Task instructions » Give back an exact copy of the lines in the records below, from the line that has "喜報 | 雙江能源上榜無錫市智能制造標桿名單!" through the line that has "baewe-simple-website-template", and nothing besides.

Excerpted records »
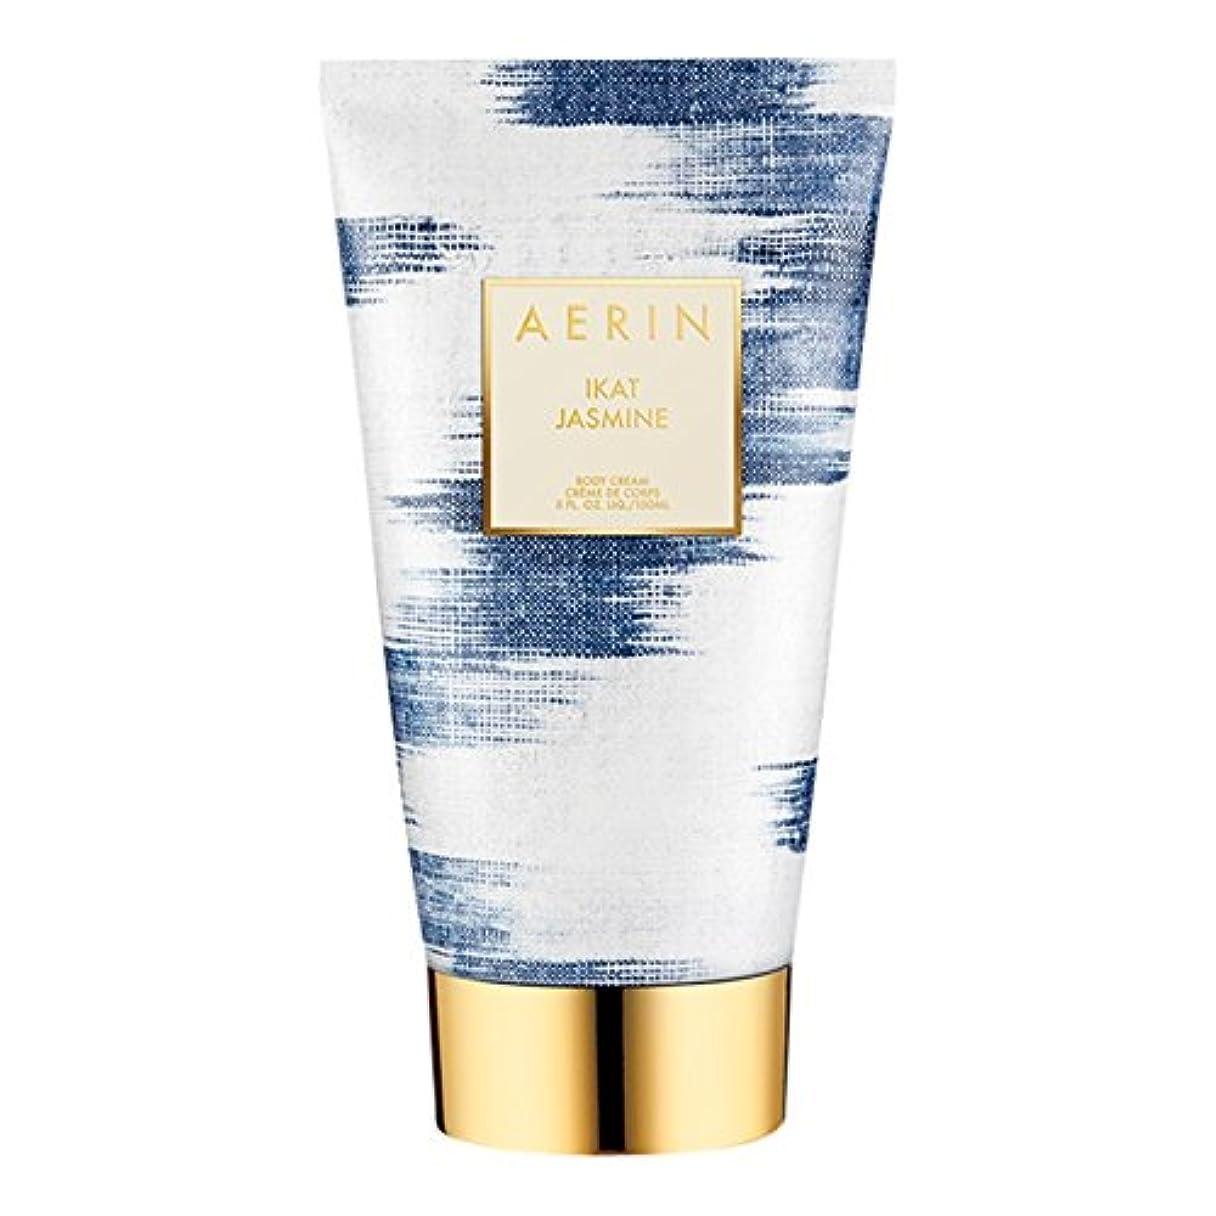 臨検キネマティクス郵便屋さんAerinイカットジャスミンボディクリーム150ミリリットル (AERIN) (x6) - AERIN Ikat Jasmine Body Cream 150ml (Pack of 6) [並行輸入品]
...
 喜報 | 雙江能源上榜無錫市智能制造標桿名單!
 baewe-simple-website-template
---
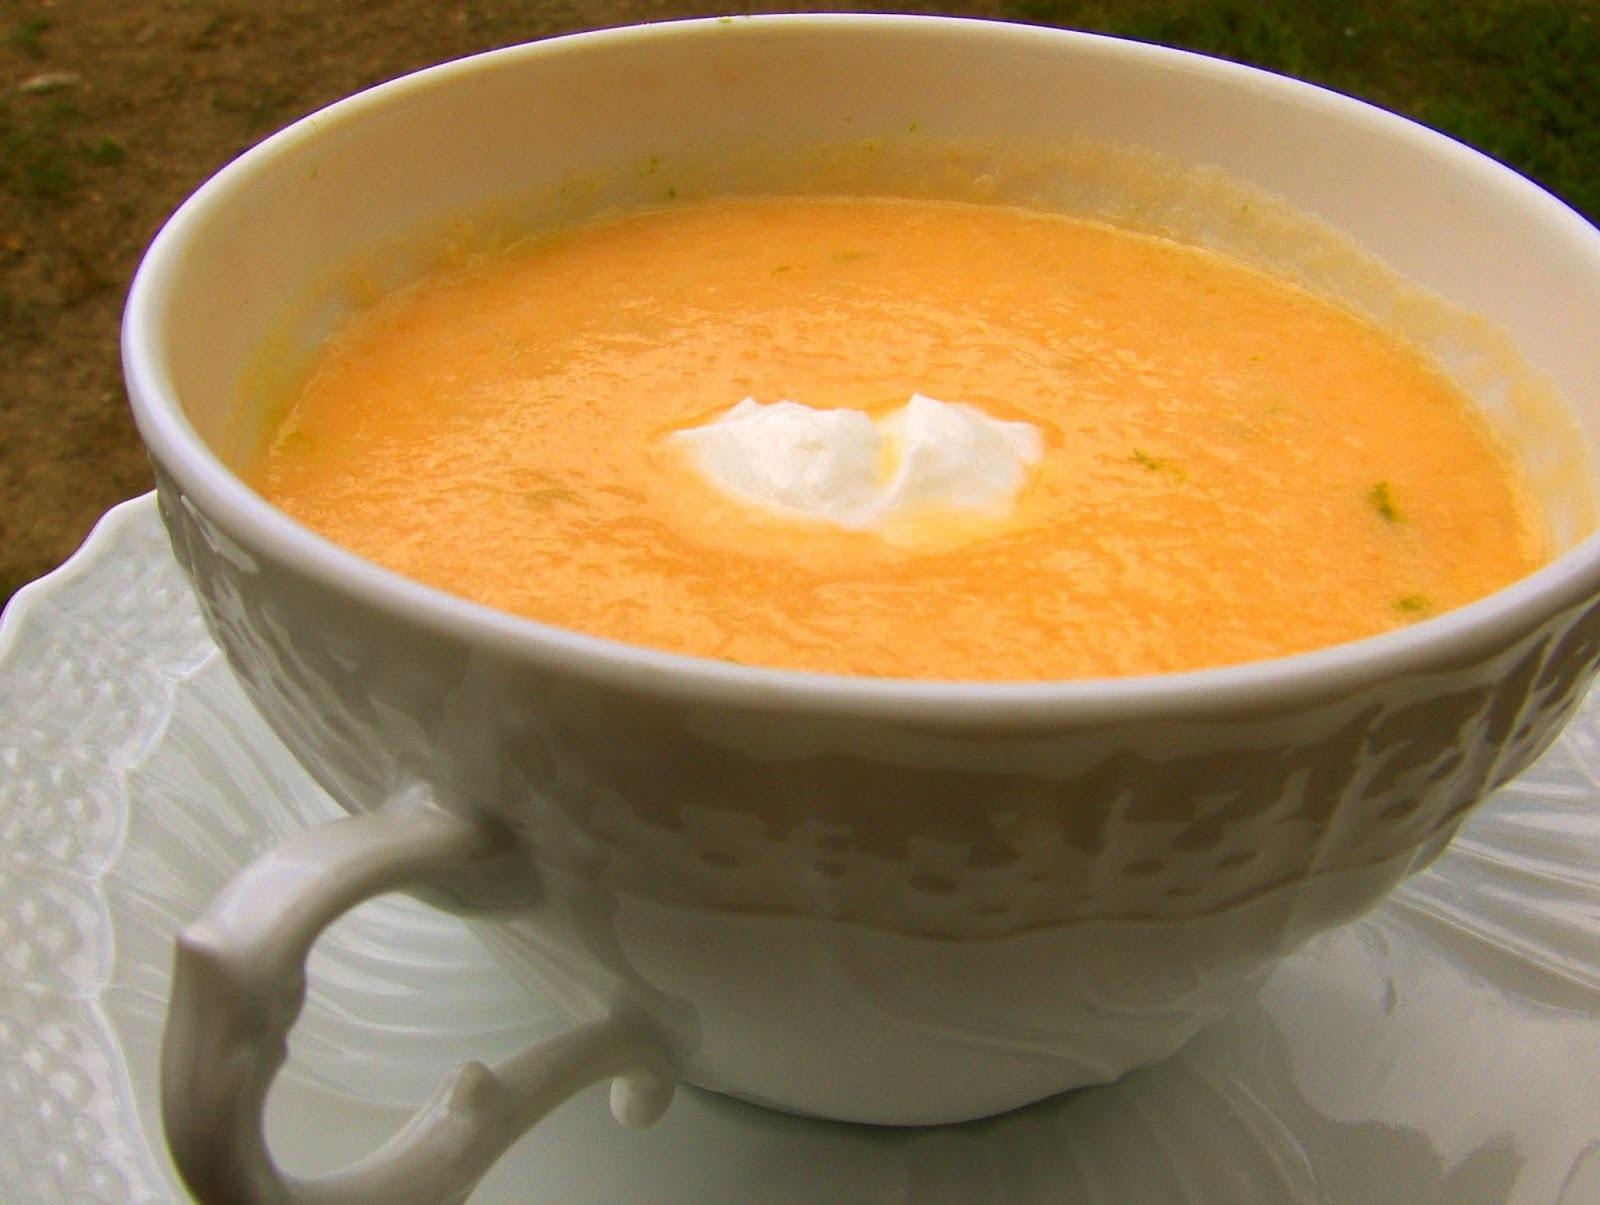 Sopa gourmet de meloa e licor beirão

Answer box »
 喜報 | 雙江能源上榜無錫市智能制造標桿名單!
 baewe-simple-website-template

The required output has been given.